To tune for higher hit rates with a key cache, use the Cassandra CLI to raise the number of keys cached for a given column family. For example:

[default@Keyspace1] update column family Standard1 with keys_cached=205000;
ef9692f1-5b18-11e0-ab58-e9fa9c1a789f
Waiting for schema agreement...
... schemas agree across the cluster
[default@Keyspace1]

Monitor the new cache setting not only for hit rate, but also to make sure that it does not crowd memtables or heap size out of available memory. If you cannot maintain the desired hit rate of 85% or better, add nodes to the system and re-test until you can meet your caching requirements.
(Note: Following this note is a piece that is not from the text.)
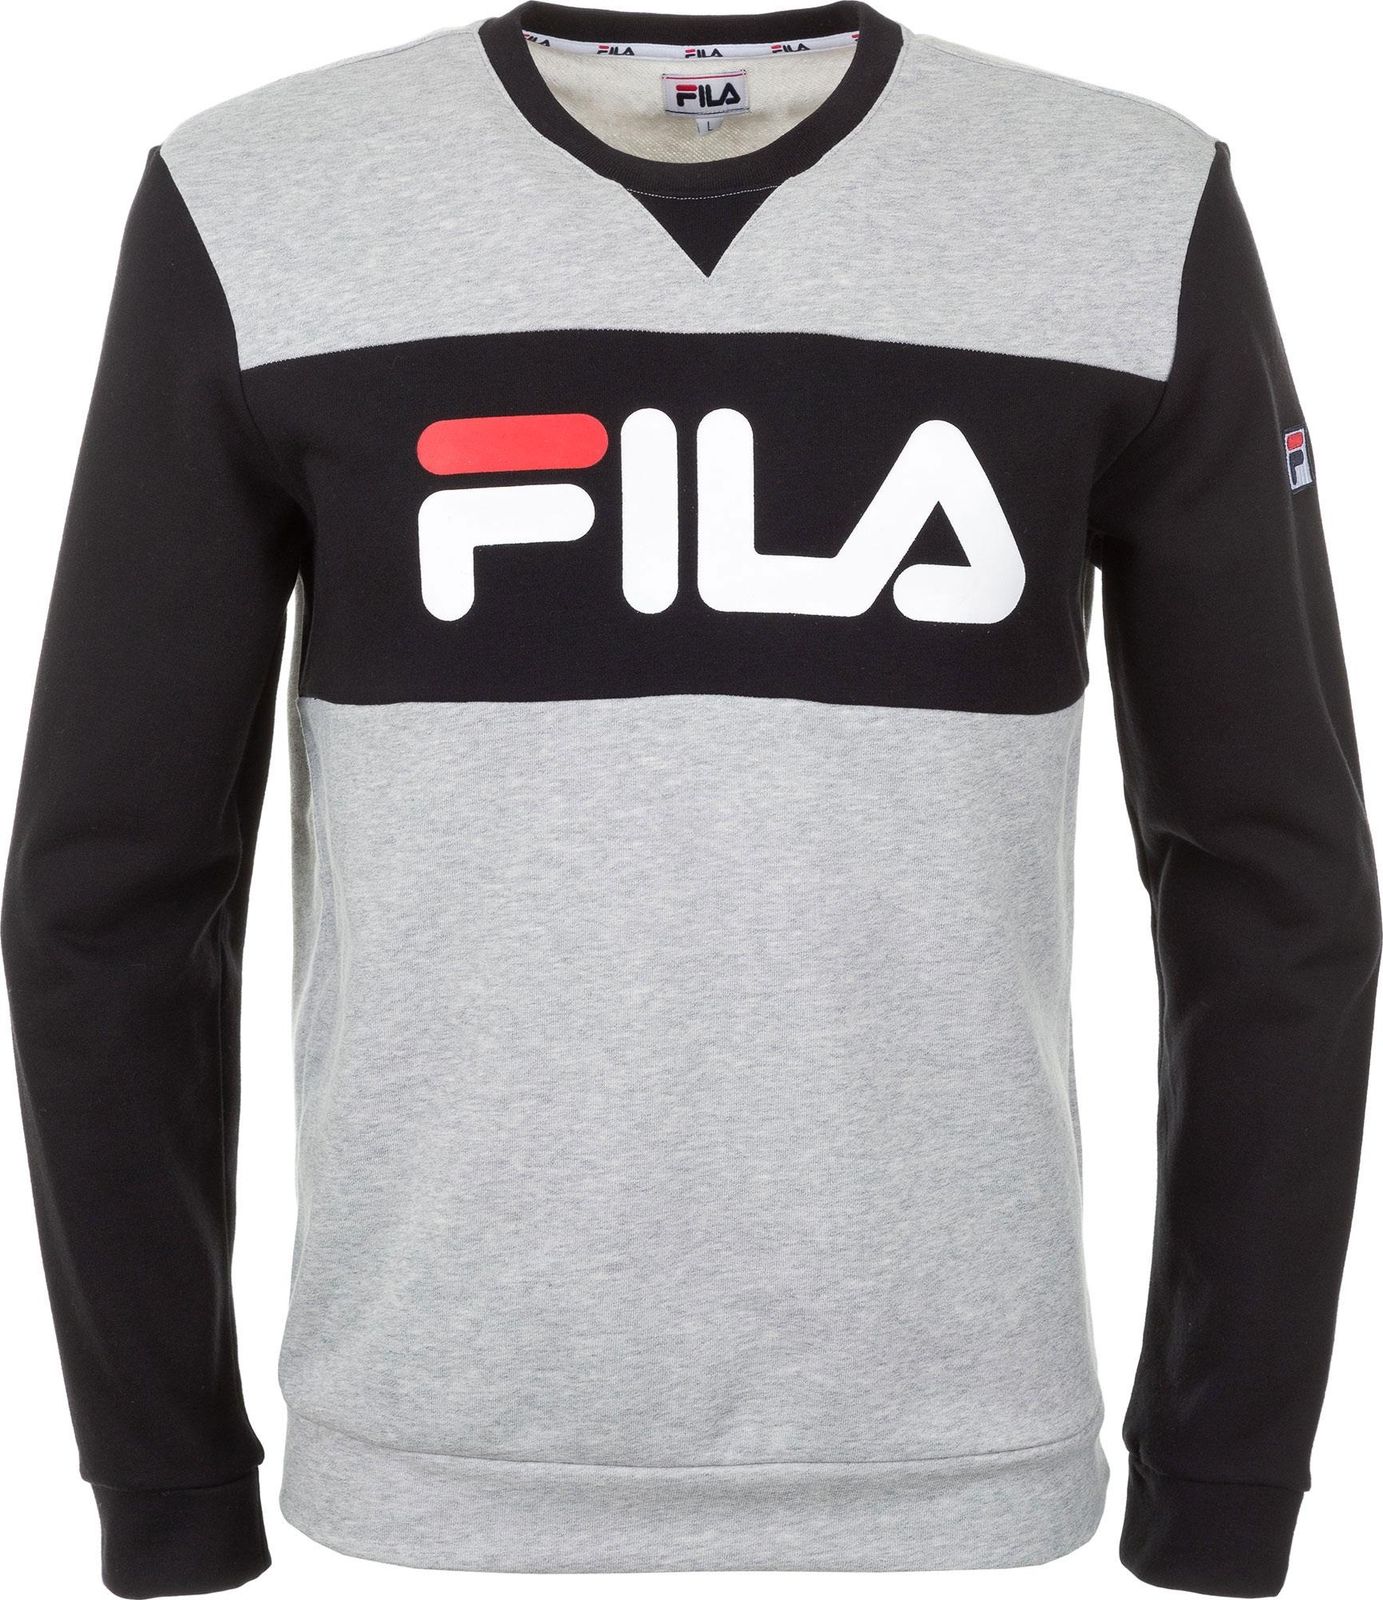   Fila Men's jumper, : . S19AFLJUM08-2A.  L (50)

You can tune row caching by applying the same approach to raising rows_cached for a column family, but keep in mind: caching large rows can very quickly consume memory. A careful, incremental approach to increasing row cache settings is critical for the health of your Cassandra system. Generally, if row cache hit rates remain below 30%, it may make more sense to disable row caching (it is disabled by default).

Estimating Cache Sizes

Either nodetool cfstats or JMX/jconsole can be used to get the necessary information for estimating actual cache sizes. In addition to the cache sizes reported by JMX (which are counts of row and keys), you should factor in the average key and row sizes plus some amount of overhead from the Java objects.

To approximate the key cache size, multiply the reported ‘Key cache size’ for each column family by the average size of each key + 40 bytes, and sum the results over all column families.

To calculate the approximate row cache size, multiply the reported ‘Row cache size’, which is the number of rows in the cache, by the average size of each row, and sum them.